Data extracted from a collection:
※ ※ ※

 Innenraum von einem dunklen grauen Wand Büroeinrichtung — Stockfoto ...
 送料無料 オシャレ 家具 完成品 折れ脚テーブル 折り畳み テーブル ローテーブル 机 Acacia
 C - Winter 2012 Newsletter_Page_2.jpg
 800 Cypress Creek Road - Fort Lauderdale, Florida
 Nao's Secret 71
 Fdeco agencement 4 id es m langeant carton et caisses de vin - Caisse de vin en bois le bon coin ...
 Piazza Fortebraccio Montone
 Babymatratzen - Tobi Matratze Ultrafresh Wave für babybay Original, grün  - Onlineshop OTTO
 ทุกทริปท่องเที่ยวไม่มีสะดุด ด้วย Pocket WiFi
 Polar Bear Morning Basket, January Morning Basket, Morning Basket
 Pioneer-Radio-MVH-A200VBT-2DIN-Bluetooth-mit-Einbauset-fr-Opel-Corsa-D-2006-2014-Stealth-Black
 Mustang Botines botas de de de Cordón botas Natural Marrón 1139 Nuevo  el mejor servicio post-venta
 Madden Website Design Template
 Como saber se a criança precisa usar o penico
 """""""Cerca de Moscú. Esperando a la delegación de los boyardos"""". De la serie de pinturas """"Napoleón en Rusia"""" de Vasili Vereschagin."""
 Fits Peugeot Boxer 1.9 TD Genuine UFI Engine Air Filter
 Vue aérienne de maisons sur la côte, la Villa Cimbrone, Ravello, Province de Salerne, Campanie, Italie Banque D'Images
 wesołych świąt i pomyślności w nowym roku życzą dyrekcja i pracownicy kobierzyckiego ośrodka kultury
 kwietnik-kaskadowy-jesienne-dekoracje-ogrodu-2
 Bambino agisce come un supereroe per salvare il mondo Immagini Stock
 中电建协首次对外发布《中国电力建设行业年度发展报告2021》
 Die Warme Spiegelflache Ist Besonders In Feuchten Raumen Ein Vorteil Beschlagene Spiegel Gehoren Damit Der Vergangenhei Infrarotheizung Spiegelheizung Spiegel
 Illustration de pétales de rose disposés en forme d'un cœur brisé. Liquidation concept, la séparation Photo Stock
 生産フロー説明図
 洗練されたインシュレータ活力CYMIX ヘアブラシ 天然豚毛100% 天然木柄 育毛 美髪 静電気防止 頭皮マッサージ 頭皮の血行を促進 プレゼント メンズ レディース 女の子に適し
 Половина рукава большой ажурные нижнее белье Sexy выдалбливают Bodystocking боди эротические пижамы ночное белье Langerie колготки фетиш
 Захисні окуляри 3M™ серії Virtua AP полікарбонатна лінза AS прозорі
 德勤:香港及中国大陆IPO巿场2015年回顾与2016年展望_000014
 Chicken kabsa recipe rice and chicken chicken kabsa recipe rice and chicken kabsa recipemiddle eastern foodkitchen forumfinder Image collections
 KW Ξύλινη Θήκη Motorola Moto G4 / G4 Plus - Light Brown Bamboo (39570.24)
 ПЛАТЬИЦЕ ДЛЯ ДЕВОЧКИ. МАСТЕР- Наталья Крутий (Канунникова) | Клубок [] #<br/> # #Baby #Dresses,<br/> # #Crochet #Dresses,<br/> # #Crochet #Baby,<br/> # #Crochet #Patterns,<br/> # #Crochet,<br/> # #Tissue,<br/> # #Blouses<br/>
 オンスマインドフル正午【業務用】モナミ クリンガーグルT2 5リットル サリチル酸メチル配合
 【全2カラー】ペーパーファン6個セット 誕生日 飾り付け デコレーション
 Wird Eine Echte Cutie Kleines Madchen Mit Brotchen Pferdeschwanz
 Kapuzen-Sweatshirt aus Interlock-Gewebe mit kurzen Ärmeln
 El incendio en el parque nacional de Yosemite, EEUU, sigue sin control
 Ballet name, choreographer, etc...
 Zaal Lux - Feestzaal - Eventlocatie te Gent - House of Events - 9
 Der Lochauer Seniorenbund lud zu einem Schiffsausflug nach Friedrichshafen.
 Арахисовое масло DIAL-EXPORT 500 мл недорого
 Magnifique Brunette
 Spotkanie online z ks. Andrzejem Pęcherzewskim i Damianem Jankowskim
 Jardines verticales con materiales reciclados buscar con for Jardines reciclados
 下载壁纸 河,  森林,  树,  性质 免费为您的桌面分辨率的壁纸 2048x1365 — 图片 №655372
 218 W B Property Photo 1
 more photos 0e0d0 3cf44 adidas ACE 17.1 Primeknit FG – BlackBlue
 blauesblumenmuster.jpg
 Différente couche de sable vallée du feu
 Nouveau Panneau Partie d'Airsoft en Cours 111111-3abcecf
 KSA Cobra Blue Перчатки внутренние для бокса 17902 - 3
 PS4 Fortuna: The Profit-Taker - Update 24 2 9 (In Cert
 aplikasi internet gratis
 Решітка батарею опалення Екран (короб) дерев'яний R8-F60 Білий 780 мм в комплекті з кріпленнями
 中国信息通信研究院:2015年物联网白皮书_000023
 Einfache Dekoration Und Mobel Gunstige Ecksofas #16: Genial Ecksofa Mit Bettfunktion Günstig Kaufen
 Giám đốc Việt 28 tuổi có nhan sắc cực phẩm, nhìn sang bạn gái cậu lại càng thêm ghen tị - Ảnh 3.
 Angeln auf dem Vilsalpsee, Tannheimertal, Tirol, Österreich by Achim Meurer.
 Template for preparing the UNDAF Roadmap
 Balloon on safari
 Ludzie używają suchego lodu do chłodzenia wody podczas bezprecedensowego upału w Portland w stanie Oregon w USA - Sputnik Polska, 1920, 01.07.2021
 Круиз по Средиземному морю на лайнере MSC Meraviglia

※ ※ ※

_AIM OF THE EXERCISE:_
Write out exactly the lines that begin at the one containing "KSA Cobra Blue" and continue through the last line of the data, and only those.

_WRITTEN ANSWER:_
 KSA Cobra Blue Перчатки внутренние для бокса 17902 - 3
 PS4 Fortuna: The Profit-Taker - Update 24 2 9 (In Cert
 aplikasi internet gratis
 Решітка батарею опалення Екран (короб) дерев'яний R8-F60 Білий 780 мм в комплекті з кріпленнями
 中国信息通信研究院:2015年物联网白皮书_000023
 Einfache Dekoration Und Mobel Gunstige Ecksofas #16: Genial Ecksofa Mit Bettfunktion Günstig Kaufen
 Giám đốc Việt 28 tuổi có nhan sắc cực phẩm, nhìn sang bạn gái cậu lại càng thêm ghen tị - Ảnh 3.
 Angeln auf dem Vilsalpsee, Tannheimertal, Tirol, Österreich by Achim Meurer.
 Template for preparing the UNDAF Roadmap
 Balloon on safari
 Ludzie używają suchego lodu do chłodzenia wody podczas bezprecedensowego upału w Portland w stanie Oregon w USA - Sputnik Polska, 1920, 01.07.2021
 Круиз по Средиземному морю на лайнере MSC Meraviglia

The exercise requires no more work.